Filling Out the Table Binary Data Structure

From The SBN Wiki
Jump to navigation Jump to search

The <Table_Binary> class contains the data structure definition for a binary table. Each row in the table has the same structure, defined in a Record_Binary class. Records are themselves composed of scalar fields, or sub-records called "grouped fields". Use it if your data cannot be reasonably archived as fixed-width character tables because of data volume.

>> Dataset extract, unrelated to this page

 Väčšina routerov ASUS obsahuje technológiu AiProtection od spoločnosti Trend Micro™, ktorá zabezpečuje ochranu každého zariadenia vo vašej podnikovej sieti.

N.B. SBN Data Preparers: Our users and our reviewers have a very strong dislike for binary tables because of the difficult and subtle issues involved in using the data, and especially in using binary data from multiple sources. If you don't have at least three good archival reasons for using binary tables, don't do it. If you do anyway there is a very high probability that you will be directed to convert them to character tables by the peer review panel.
Also, if you supply data in a binary table format, you should also plan to supply a sample of a few records that have been translated to an ASCII format, for end-users to reference when they are trying to verify that they are reading the data correctly.
When in doubt, talk to your SBN data consultant.

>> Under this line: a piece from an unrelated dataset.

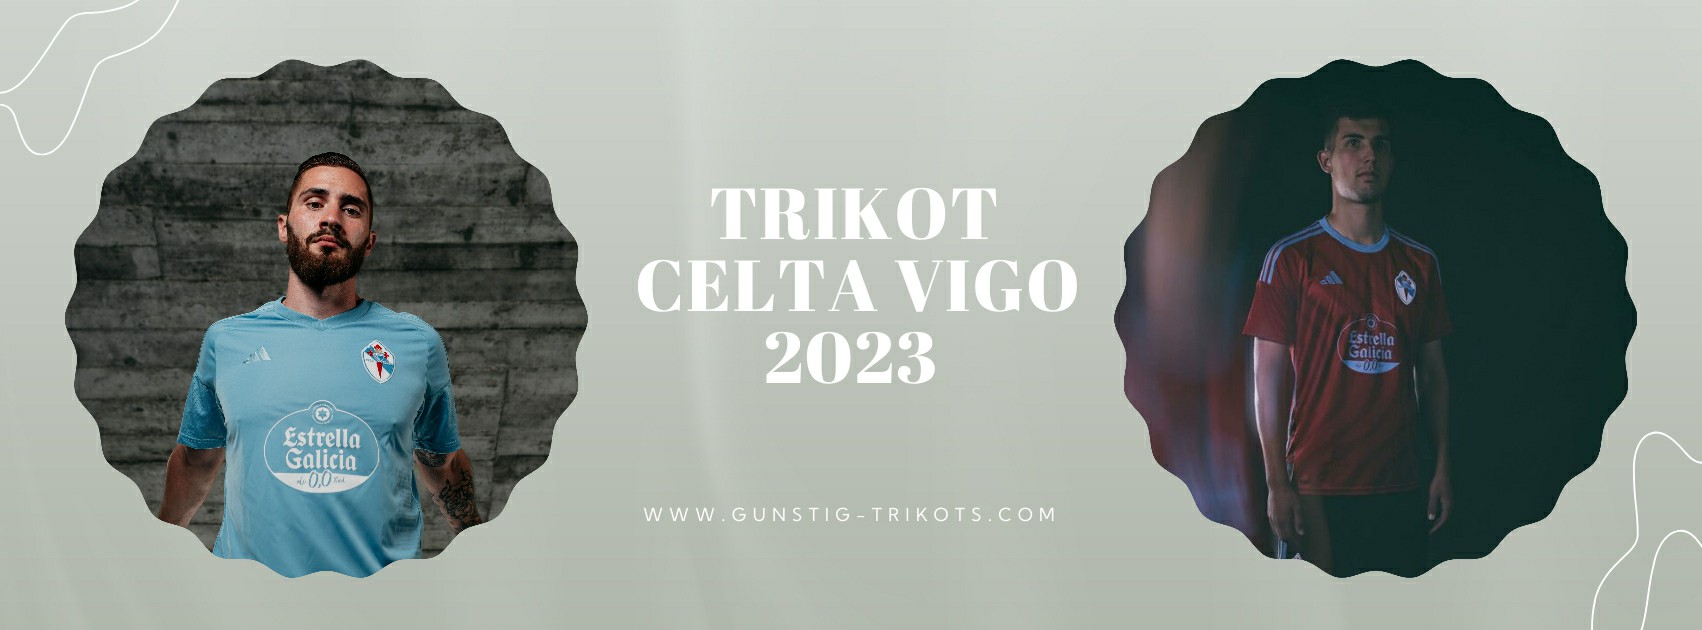 Celta Vigo Trikot 2023-2024

For additional explanation, see the PDS4 Standards Reference, or contact your PDS node consultant.

Following are the attributes and subclasses you'll find in <Table_Binary>, in label order.

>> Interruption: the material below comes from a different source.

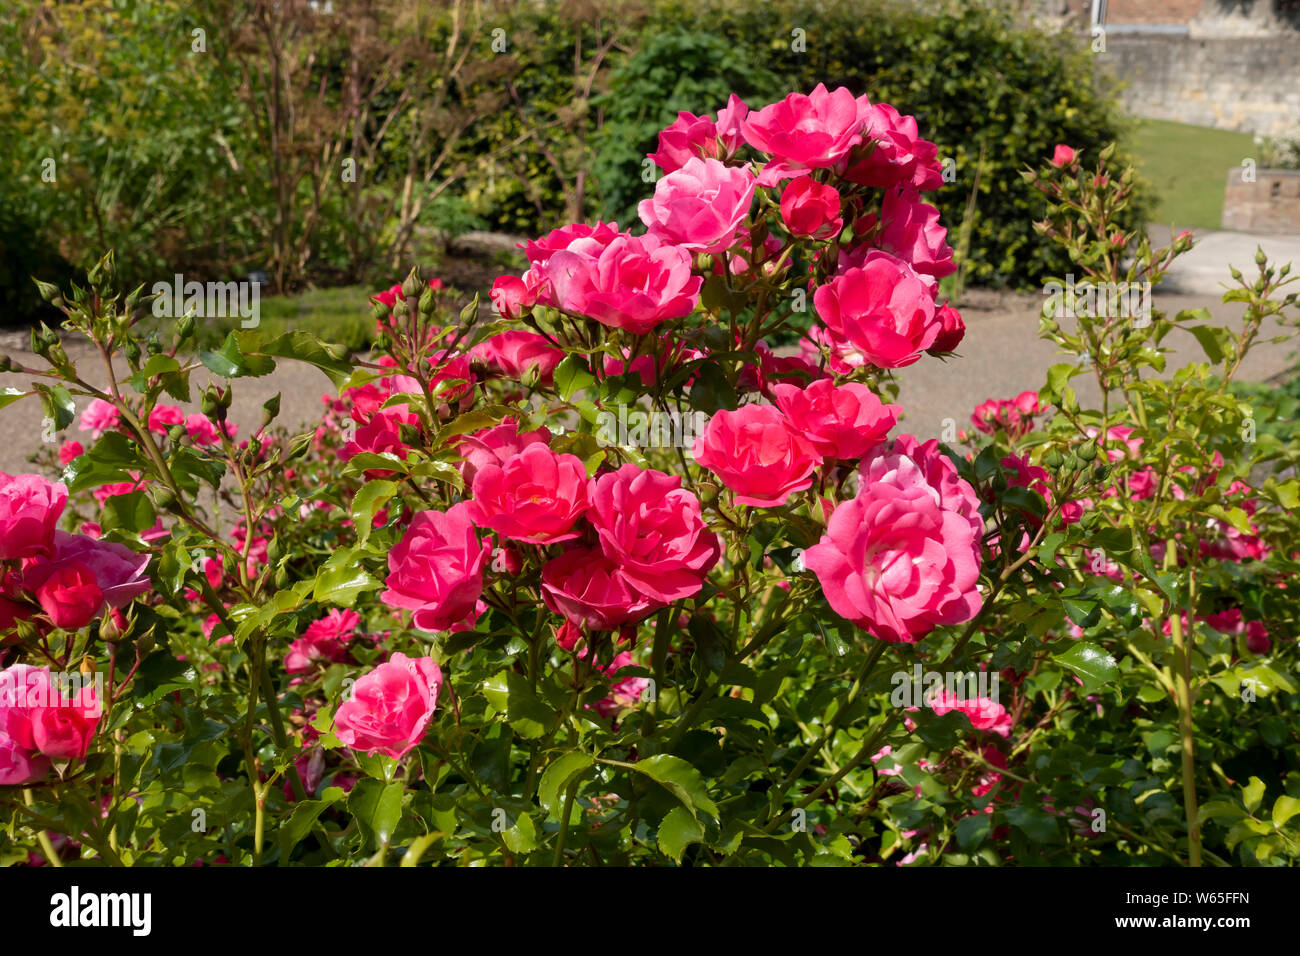 Roses 'tapis de fleur rose' fleurs rose rose se ferment dans le jardin d'été Angleterre Royaume-Uni GB Grande-Bretagne Banque D'Images

Note that in the PDS4 master schema, all classes have capitalized names; attributes never do.

<name>

OPTIONAL

If you'd like to give this table a descriptive name, here's the place to do it.

<local_identifier>

OPTIONAL

If you want to reference this Table_Binary from somewhere else in this label, give it a formal label here. Use an identifier that would make a valid variable name in a typical programming language, and you should be OK syntactically.

<offset>

REQUIRED

The offset, in bytes, from the beginning of the file holding the table data to the first byte in the table. You must specify the unit for this keyword, like this:

    <offset unit="byte">0</offset>

<records>

REQUIRED

This is the total number of records in the table. Records in binary tables do not usually have record delimiters. On the rare occasions when they do, they are documented as a just another field in the record.

<description>

OPTIONAL

This attribute provides a place for additional free-format text comments.

<record_delimiter>

OPTIONAL

Apparently, this attribute is intended to indicate record delimiter characters. However...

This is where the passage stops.